May 26, 2014 in Economics

By Dalibor Rohac

Dalibor Rohac

Thanks to the funding from the European Union (EU), the countries of Eastern Europe are an increasingly attractive destination for cyclists. In the Czech Republic, hundreds of millions of Euros, predominantly from EU’s structural funds, have been used to create a network of some 25 thousand miles of cycling trails. In Slovakia’s Northern region of Orava, a brand new network of 155 miles of cycling trails set in a picturesque countryside connect the local villages with those in neighboring Poland.

While a boon for cyclists, the inflow of EU money into Eastern Europe is playing a more questionable role in narrowing the gap that new member states in Eastern Europe and the more affluent parts of the EU. Critics of development aid, such as William Easterly of New York University, have long argued that foreign aid directed to badly governed countries in the developing world can worsen corruption and cronyism, and foster authoritarian rule. Although the magnitude of the problem is different, EU funds are exercising a similarly nefarious effect on governance and politics in Eastern Europe.

The inflow of EU money into Eastern Europe is playing a questionable role in narrowing the gap that new member states in Eastern Europe and the more affluent parts of the EU.”

Between 2014 and 2020, the EU is planning to spend over €350 billion to help narrow the disparities between member states.
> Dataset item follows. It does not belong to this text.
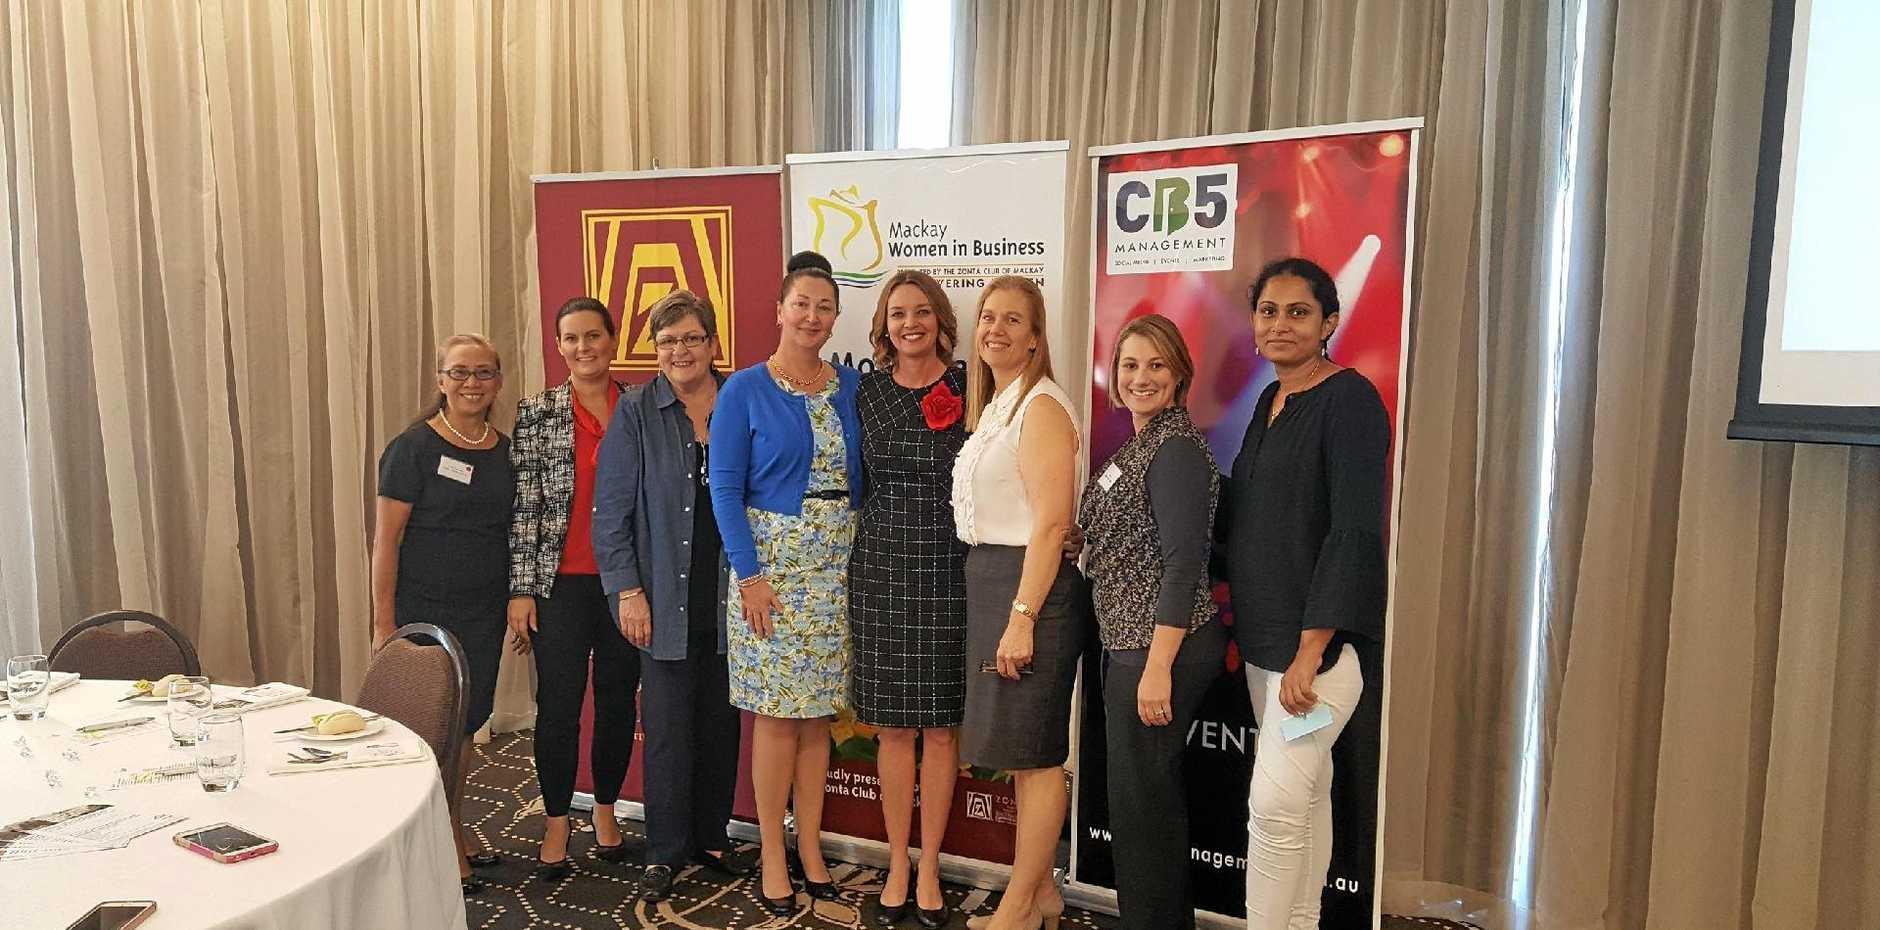 WOMEN IN BUSINESS: Vivien Hanrahan, Rebecca Lamb, Nikki Colfs, Judy Spannagle, Leanne Druery, Jennifer Hickey, Wendy Steindl and Abi Karthnik at the Harrup Park event.

It does so through several ‘funds’: the European Regional Development Fund, which is the largest of them and which supports the building of infrastructure and job-creation; the European Social Fund, which purports to help the unemployed and the disadvantaged, mostly by providing training programs; and the Cohesion Fund, which was set up in 1994 to provide funding to the poorest member states.

The inflow of EU money into new member states has been estimated at around 4 percent of their GDP. It is not a free lunch, however. European countries are co-financing the projects and provide the bulk of the administrative support to the program. Slovakia’s Institute of Economic and Social Analyses (INESS) estimated in 2011 that each euro coming from EU’s structural funds is matched by up to 90 cents coming from the national budget.